Can exogenous variables be state features in reinforcement learning?


I have a question about state representation of Q-learning or DQN algorithm. I'm still a beginner of RL, so I'm not sure that is it suitable to take exogenous variables as state features.

For example, in my current project, deciding to charge/discharge an electric vehicle actions according to the real-time fluctuating electricity prices, I'm wondering if the past n-step prices or hours can be considered as state features.

Because both the prices and the hour are just given information in every time step rather than being dependent to the charging/discharging actions, I'm suspicious about whether they can are theoretically qualified to be state features or not.

If they are not qualified, could someone give me a reference or something that I can read?

JH Lee

Posted 2019-08-25T07:12:44.720

Reputation: 125



Including exogenous variables in your state representation certainly can be useful, as long as you expect them to be relevant information for determining the action to pick. So, state features are not only useful if you expect your agent (through application of actions) to have (partial) influence on those state variables; you just want the state variables themselves to be informative for your next action to take / prediction of expected future rewards.

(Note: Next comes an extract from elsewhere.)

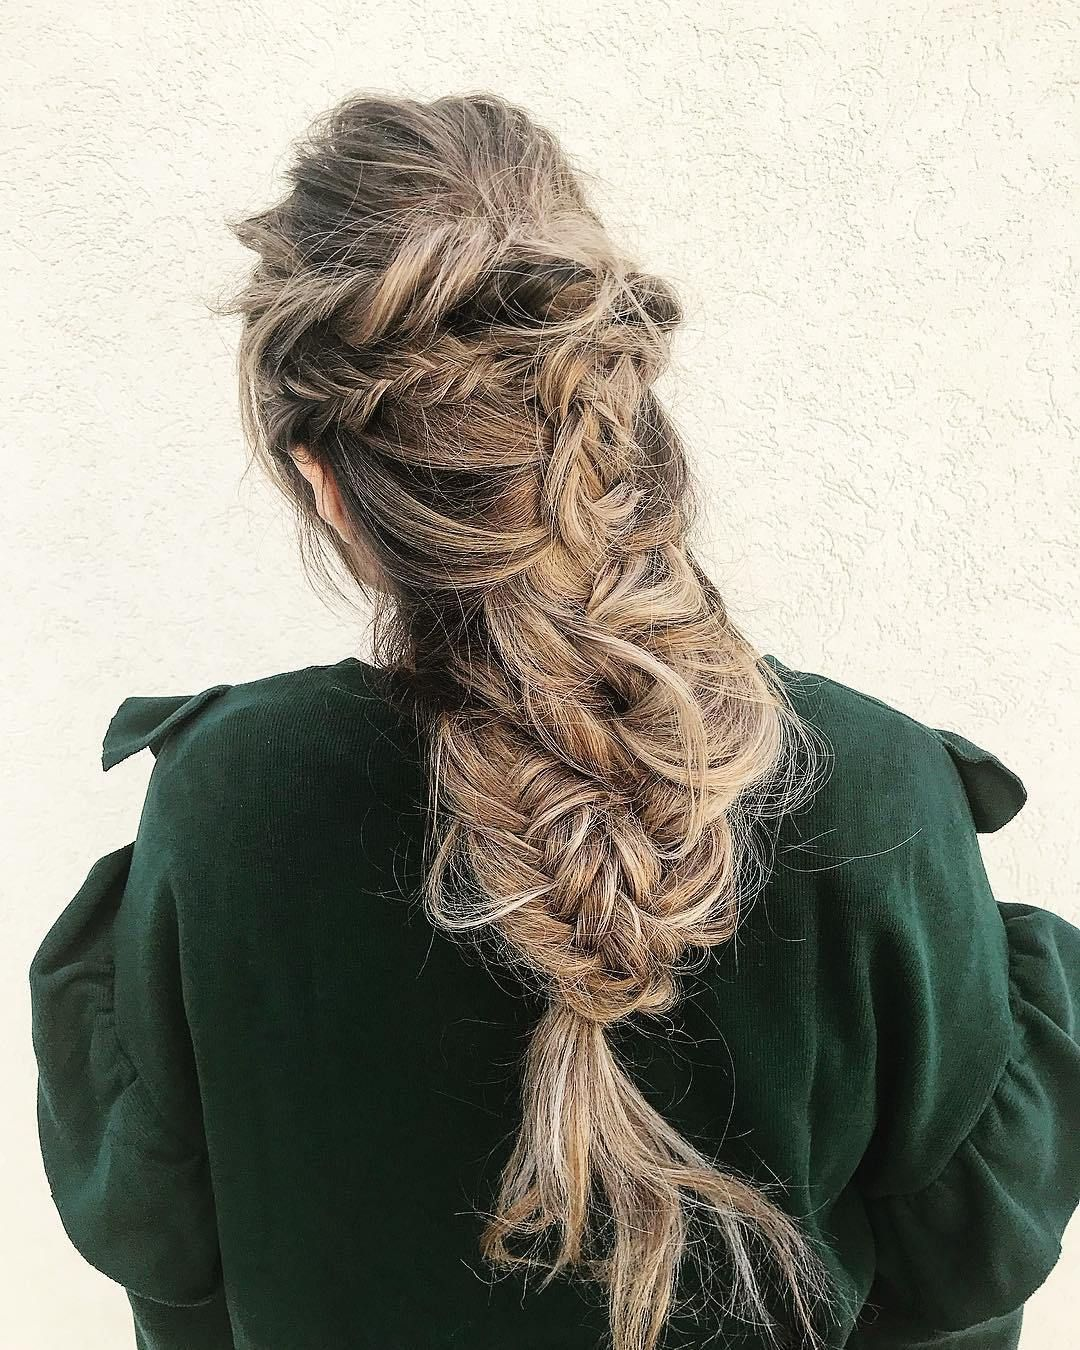 Pretty Fishtail and Loose braids hairstyle #braids #fishtail #hairtyles #bohohair

However, if you only have exogenous variables, i.e. if you expect your agent to have no influence whatsoever on what states you'll end up in next... then the full problem definition typically used in RL (Markov decision processes) may be unnecessarily complex, and you may prefer to look into the Multi-Armed Bandits (MAB) problem formulation. If you're already familiar with RL / MDPs, you may think of MAB problems as (sequences of) single-step episodes, where you always just look at the current state and don't care at all about future states (because you expect to have 0 influence on them).

In theory, the RL / MDP framework is more general and is also applicable to those MAB problems, but RL algorithms that support this framework may perform worse than MAB algorithms in practice, because they (informally speaking) still put in effort trying to "learn" how their actions affect future states (a waste of effort when you expect there to be no such influence from the agent).

Dennis Soemers

Posted 2019-08-25T07:12:44.720

Reputation: 7 644